O corpo franzino e nervoso de Brad Radzinski irrompeu pelo Crary Science and
Engineering Center com uma pasta na mão. Radzinski tirou o casaco e, depois de o
pendurar num cabide da entrada, dirigiu-se apressadamente ao gabinete do director. A
porta estava fechada e ostentava uma placa metálica identificar o seu anfitrião.
S-001 DAWSON
O S era de Science e o 001 identificava a posição hierárquica do seu locatário.
Radzinski bateu à porta com impaciência e, quase sem esperar, entrou.
"Posso?"
"Hi, Brad", cumprimentou Howard Dawson, sentado à secretária a despachar papéis.
"Já tens novidades?"
Com ar preocupado, Radzinski respondeu algo incompreensível e, depois de apertar
a mão do director do laboratório, sentou-se sem cerimonias diante da mesa de reuniões.
Dawson ergueu-se da sua secretária de aspecto futurista, passou diante de um armário
cheio de livros e acomodou-se ao lado do recém-chegado, no lugar voltado para a parede,
um grande mapa da Antarctica pregado mesmo em frente. Sem perder tempo, Radzinski
inclinou-se sobre a pasta que trazia na mão, de onde retirou várias fotografias, que espalhou
sobre a mesa.
"Estas são imagens obtidas pelo sensor Mosdis, que está instalado num satélite da
NASA", disse, indo direito ao assunto. Falava muito de pressa, quase comendo as palavras.
"Foram-me agora enviadas do Colorado pelo National Snow and Ice Data Center."
Dawson inclinou o corpo e inspecionou as imagens.

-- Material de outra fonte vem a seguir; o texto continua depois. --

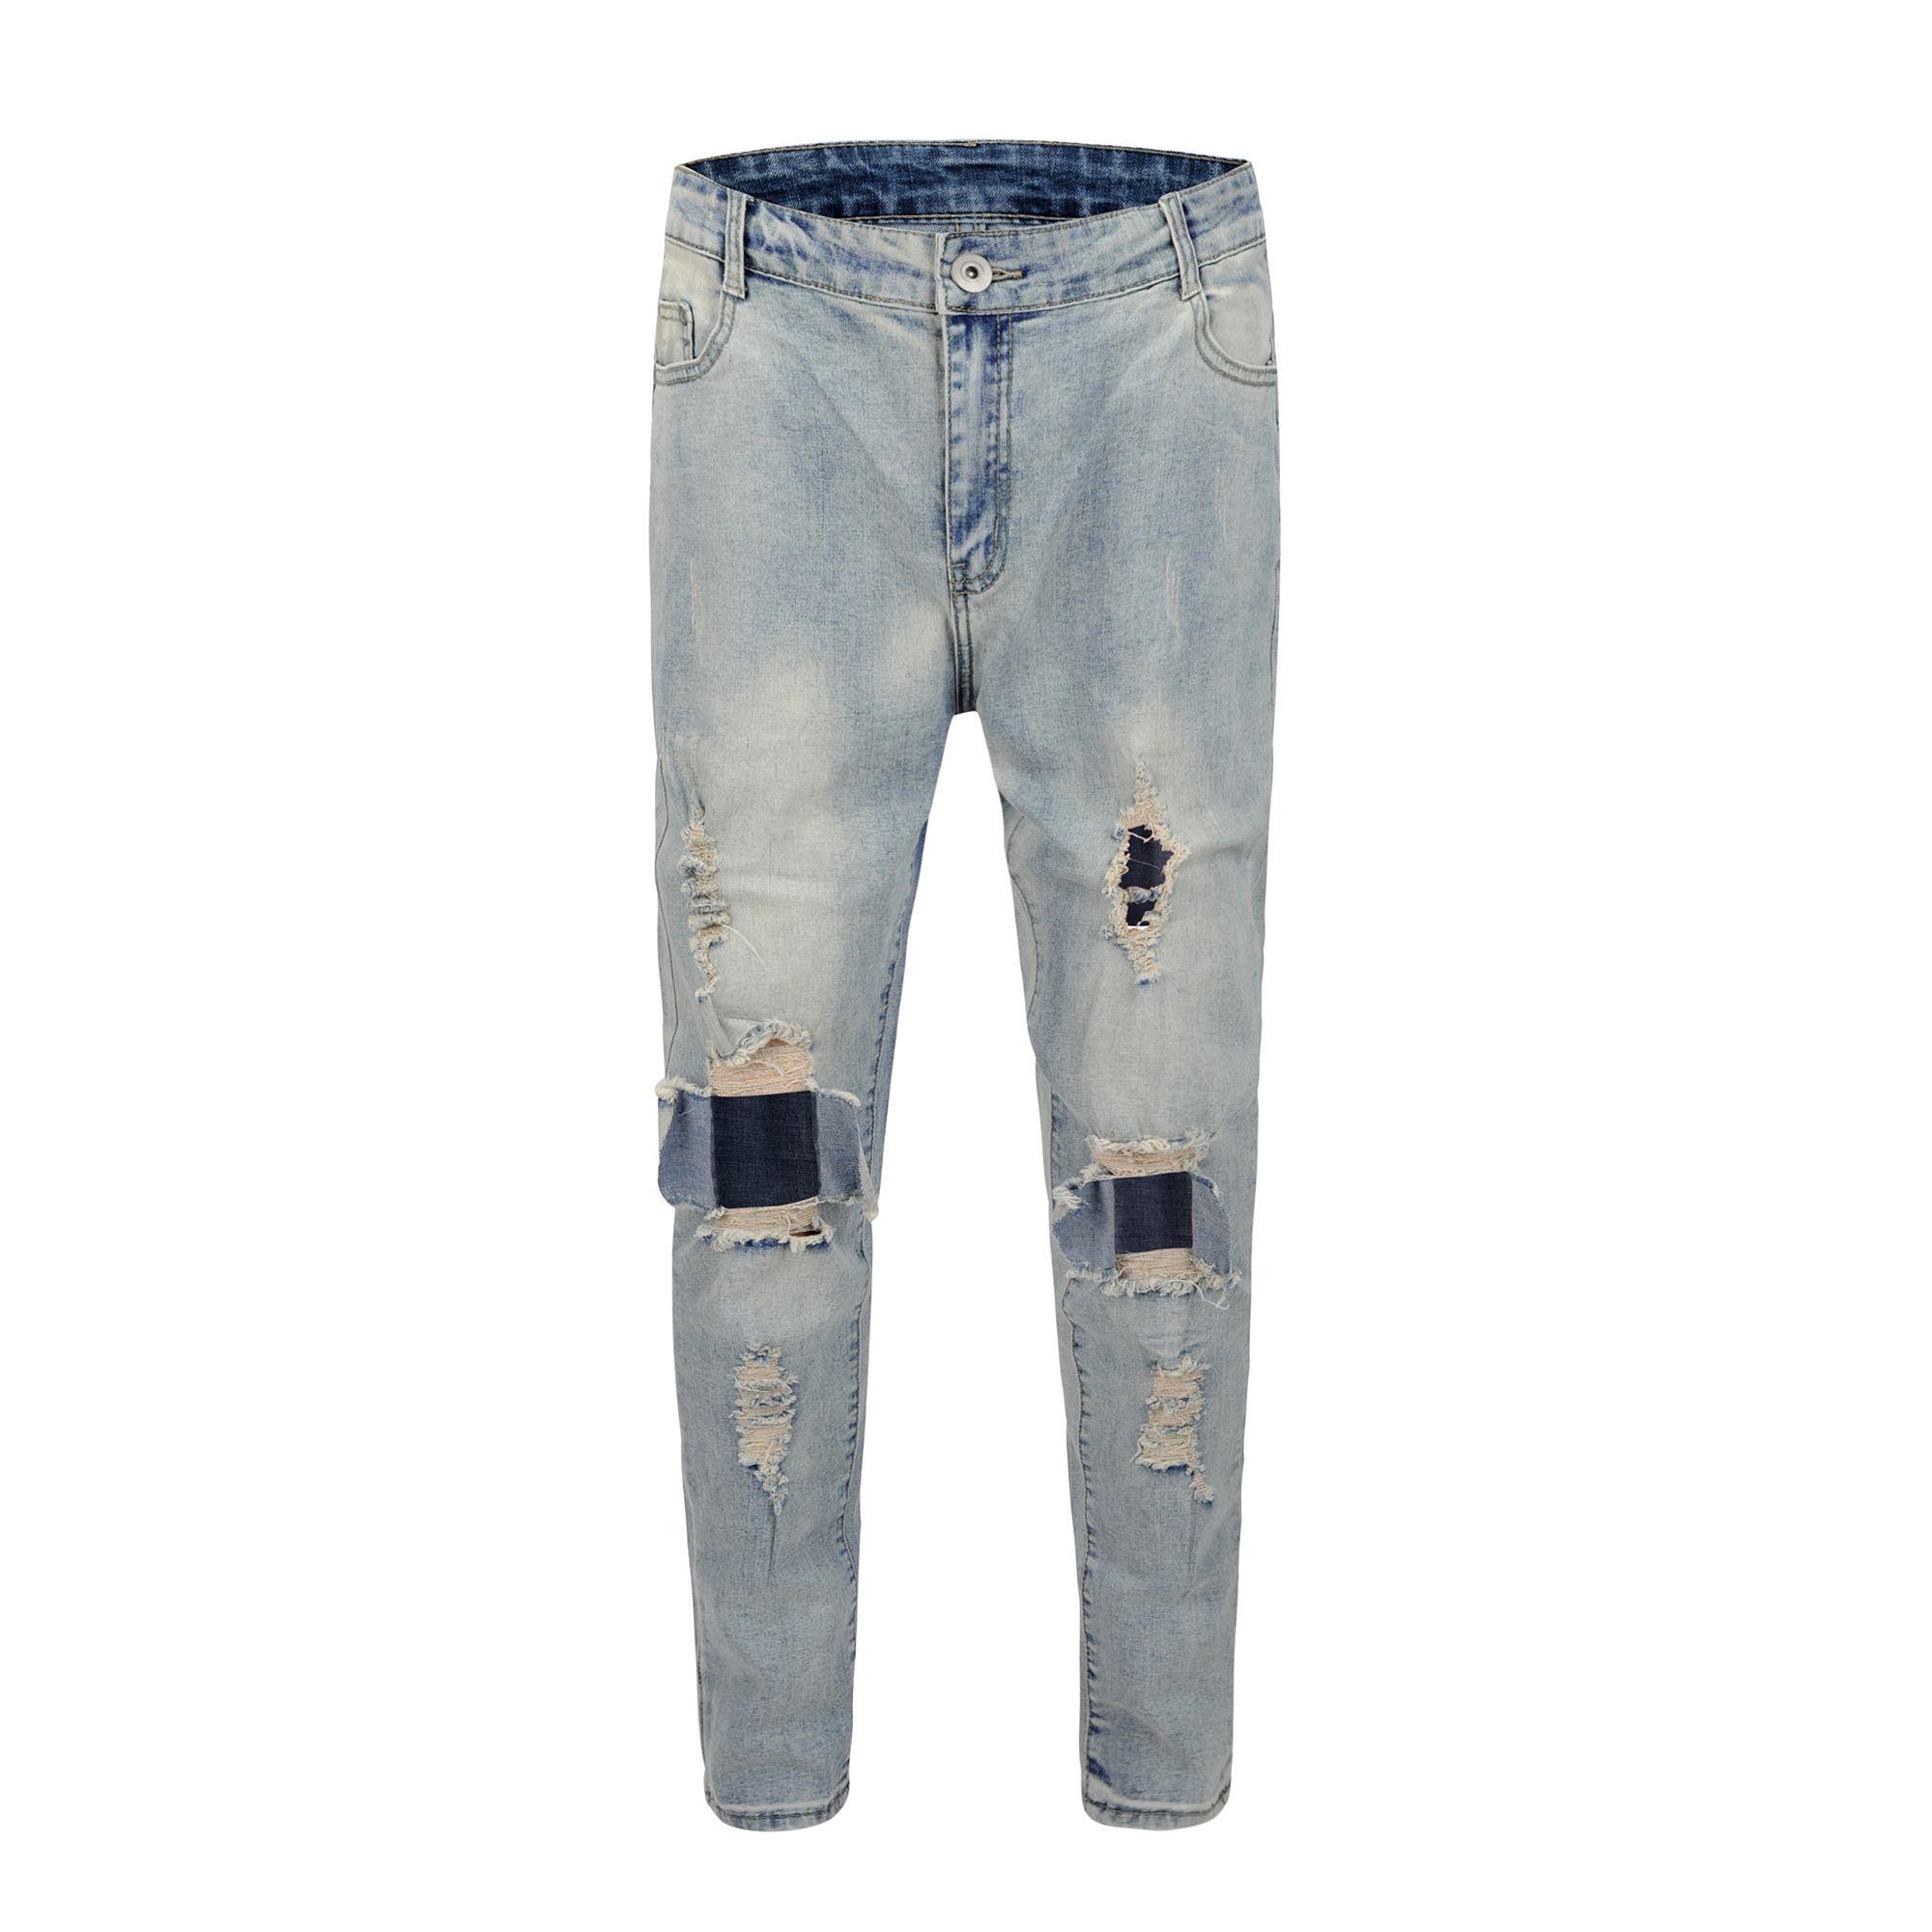 b76014e34cb2b Compre 2018 Mejor Versión RETRO DENIM BLUE Hombres Jeans Ripped Destroyed  Hombres Jeans Hip Hop Big Hole Casual Streetwear Jeans A  36.54 Del ...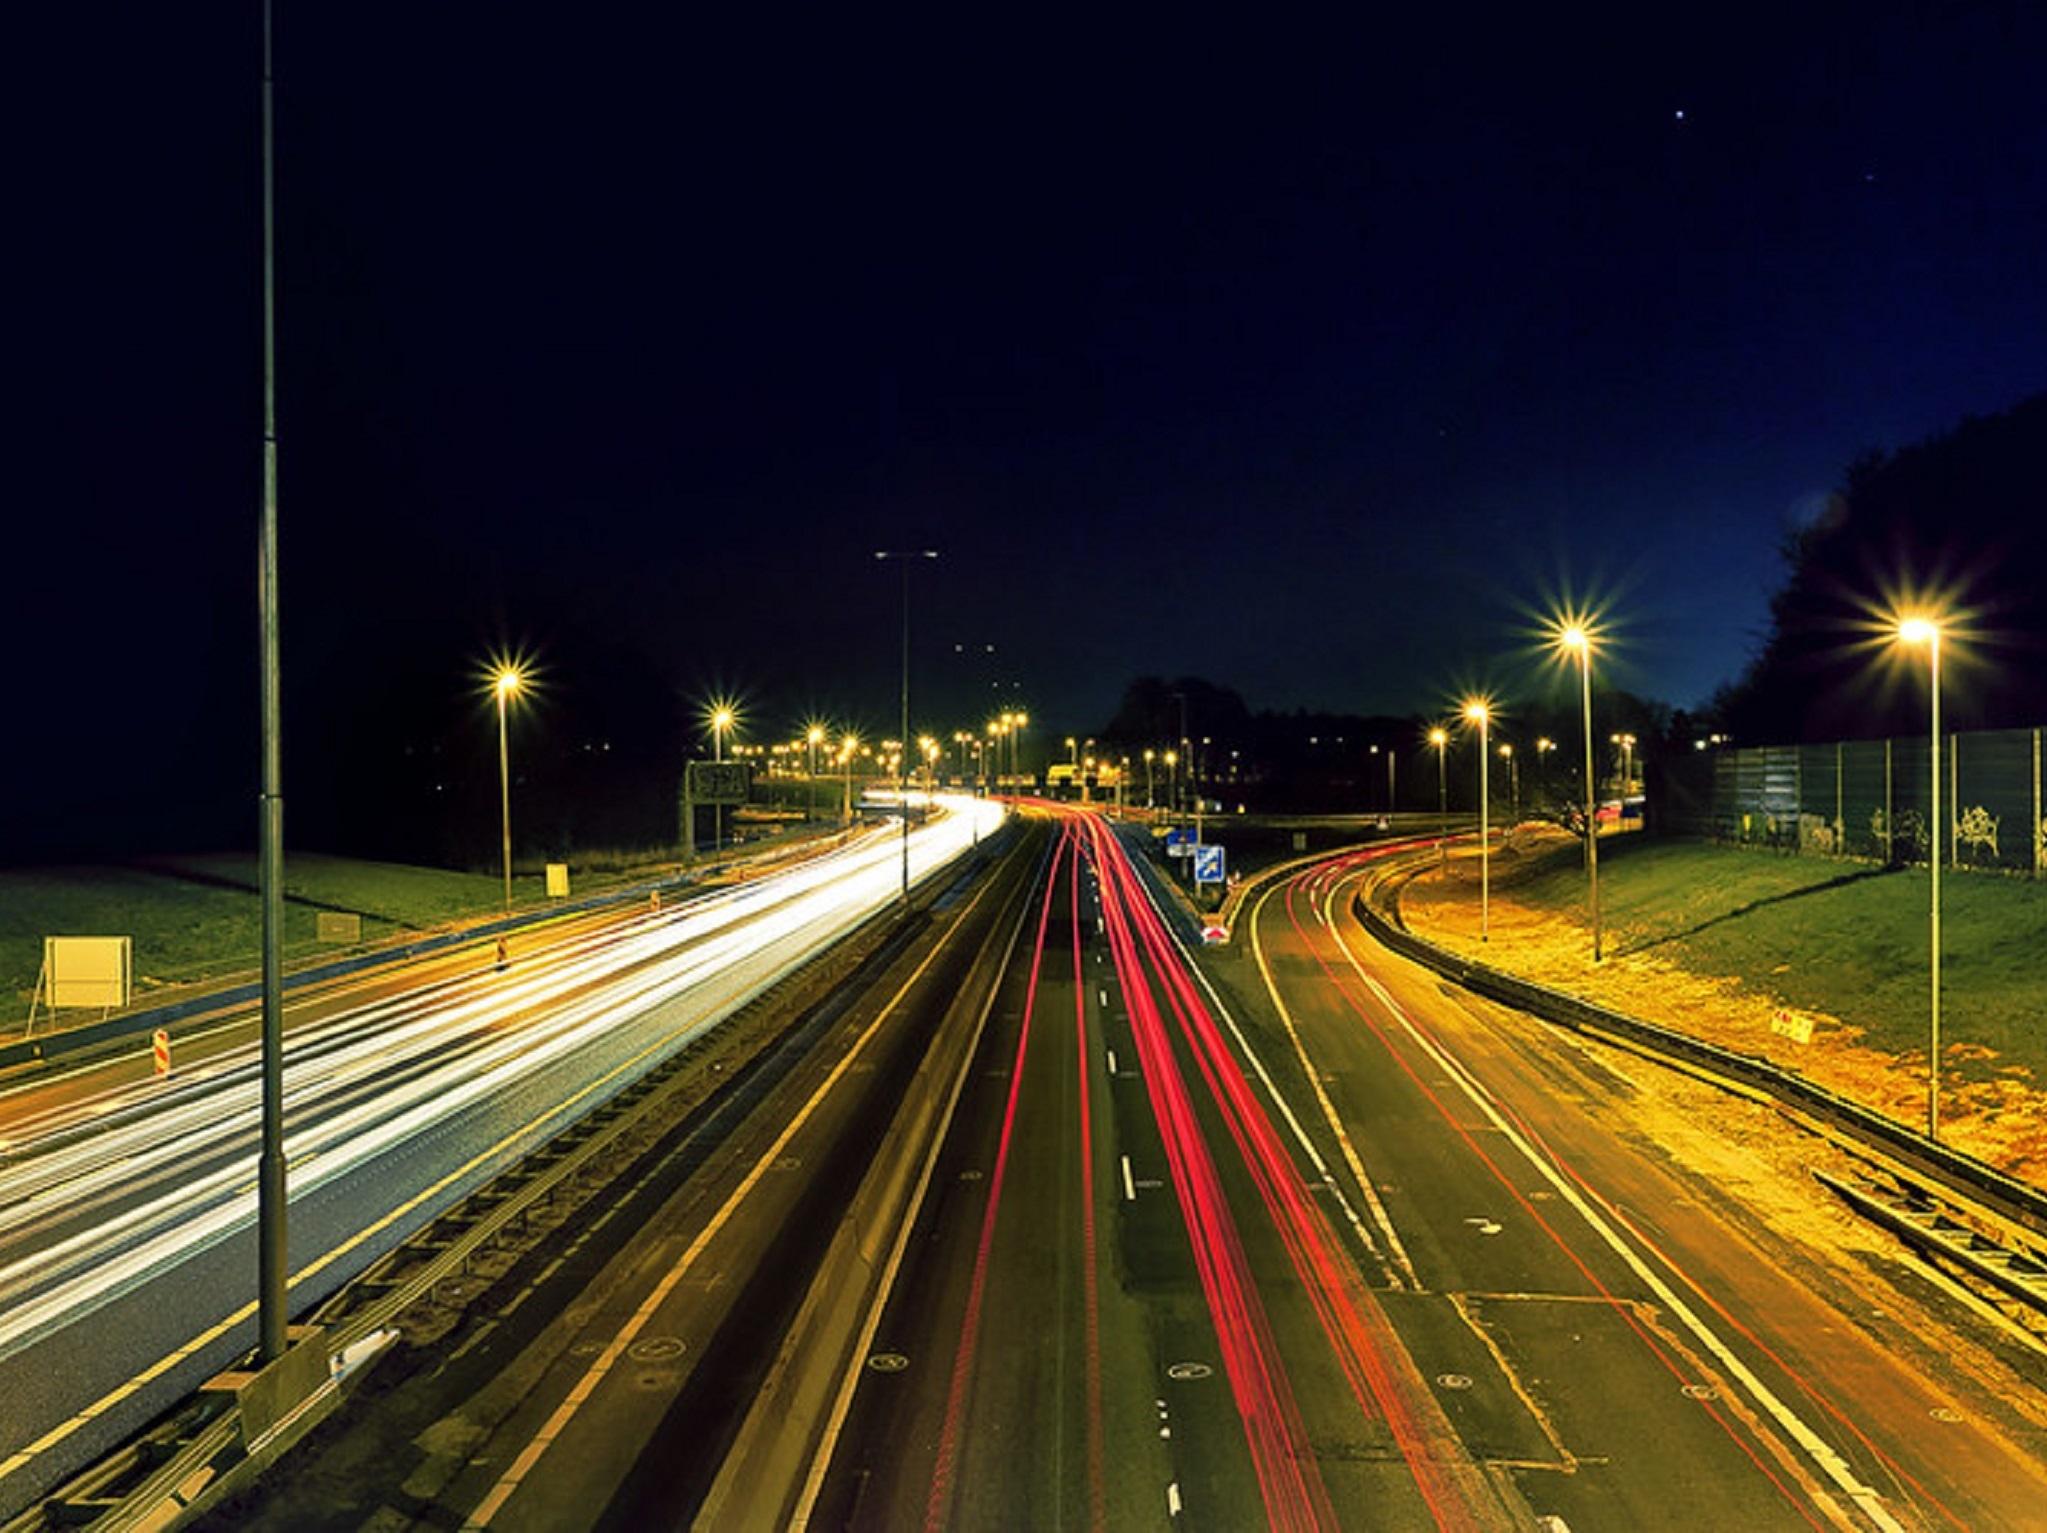 A highway at night

"São fotografias de Larsen B?"
"Sim. Tiradas há uma hora."
O director do crary lab pegou numa fotografia e estudou-a com atenção. Esboçou
um trejeito com a boca, encolheu os ombros e mirou o seu interlocutor.
"Parece-me normal."
Radzinski voltou a inclinar-se sobre a pasta, de onde retirou um objecto metálico
circular com uma lente espessa. Uma lupa. Pegou numa fotografia, pôs a lupa sobre ela e
indicou uns fios que se prolongavam pela estrutura branca ampliada pela lente.
"Está a ver isto aqui?"
"Sim."
"São fissuras no gelo."
Dawson analisou os fios sombreados que rasgavam a superfície láctea da plataforma.
"Isto são fissuras?"
"Sim."
"Larsen B está com fissuras?"
"Larsen B está a quebrar-se."
"Tem a certeza?"
"Absoluta."
Dawson endireitou-se na cadeira, tirou os óculos e suspirou.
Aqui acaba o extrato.